Is Siri intelligent? Is Siri an AI?

The information gathered by Siri to respond to queries is done via its programming. It does gather data in response to a query and often appropriately uses that knowledge to provide value to answering it and is a good automation. Since Siri is a combination of hardware and software and exhibits intelligence as defined previously, we would label Siri an AI.

Does Siri understand what I am asking?

One can say that Siri understood when we have a reasonable expectation that it will give an answer that can be used and say it did not understand when we have a reasonable expectation that the answer will not be acceptable. But with all AI systems, the user must realize the meaning generated by the system is not “human meaning” and thus must be used judiciously. As an example, an AI can call a school bus an ostrich with high confidence, yet   any human looking at the image will not be able to understand how the AI could possibly make that error. The reason is that, to the AI, the meaning is a location in a vector space reached by processing pixel intensities and colors and an ostrich is an object category that does not possess the rich meaning humans associate/generate in our meaning.

Does AlphaGo understand the game of Go?

AlphaGo’s understanding of the game Go can only be assessed from the perspective of another agent. As a non-Go player, one might be willing to say AlphaGo understands the game because, from a naïve perspective, it responds acceptably to the task of playing the game. Here, AlphaGo has generated “meaning” of any board states that facilitate an expected acceptable response. From the perspective of one who wants to define “understanding the game” as “the AS has generated internal to itself the meaning of what a game is,” then one might conclude AlphaGo does not understand the game of Go. AlphaGo is an automated system, and because it uses knowledge to generate its meaning of those board states that facilitate its response, it is an AI. Table B.1 attempts to summarize some of the categorizations we have made above.

AS Table

Mapping of several systems to the prinicples of flexibility, artificial intelligence, automated systems, and automatic systems.

Part 4. Practical Limitations of AI

Where do current AI systems fail?

Current approaches to AI rely on knowing all that is needed to know about the environment and programming in acceptable responses for all possibilities. These approaches are unable to respond correctly when they are unable to get all of the data they expect or if they encounter a stimulus they do not have a programmed response for. The problem is compounded when both conditions occur.

How can we be sure an AI will do what we want it to do versus something we absolutely do NOT want it to do?
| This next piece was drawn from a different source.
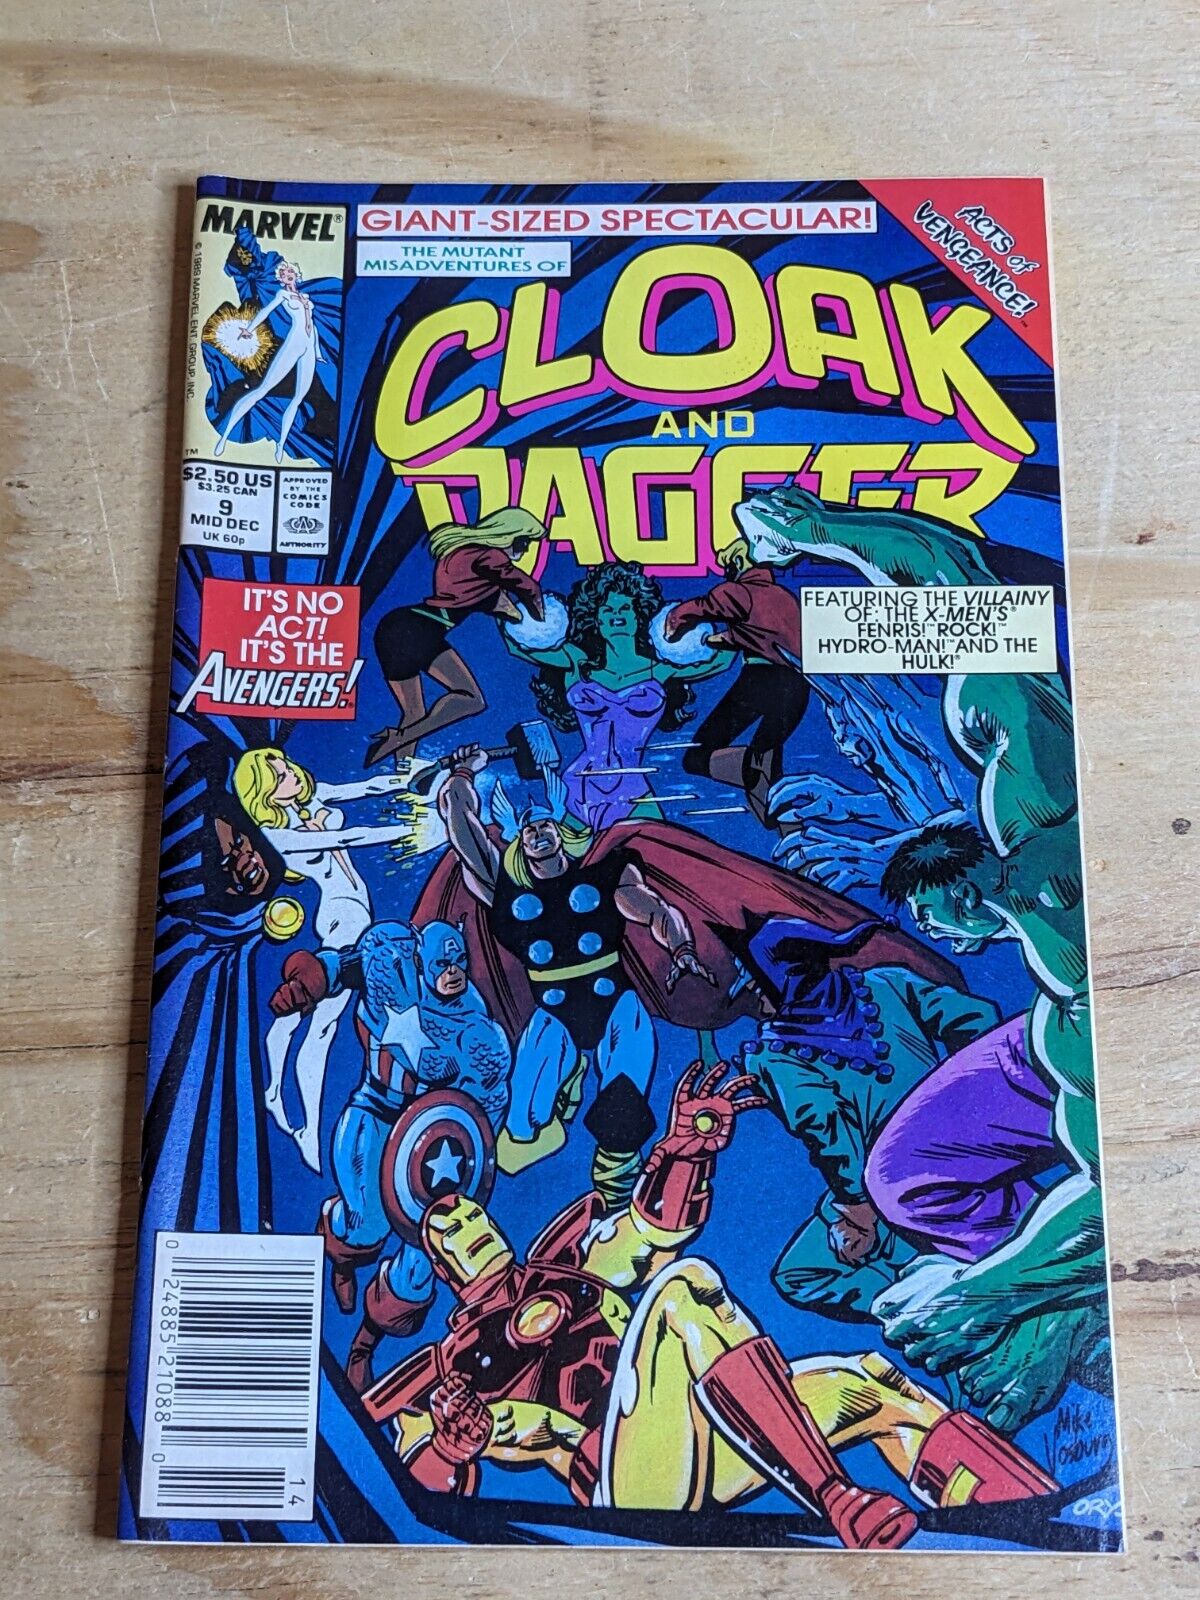 Mutant Misadventures of Cloak and Dagger #9 Marvel Comics December 1989

A significant challenge faced when using AI to perform tasks is the problem of validation and verification of that AI’s performance. Any AI is programmed to generate an internal representation (its meaning), and that representation has to capture all aspects of what delineates acceptable and unacceptable behavior to be confident it will only do what it is supposed to do. It is impossible to test an AI under all possible operating conditions; it will not be known when it will fail or perform unacceptably. The same issues are faced with human agents. The Air Force goes to great lengths to train its Airmen to do tasks and cannot possibly test them on all the operating conditions they will face. Training is continually refined based on feedback on performances of those Airmen doing their jobs. The same will have to be done with AIs. There is the additional challenge/advantage in that the meaning of a given stimulus can be programmed into the AI and therefore tested against.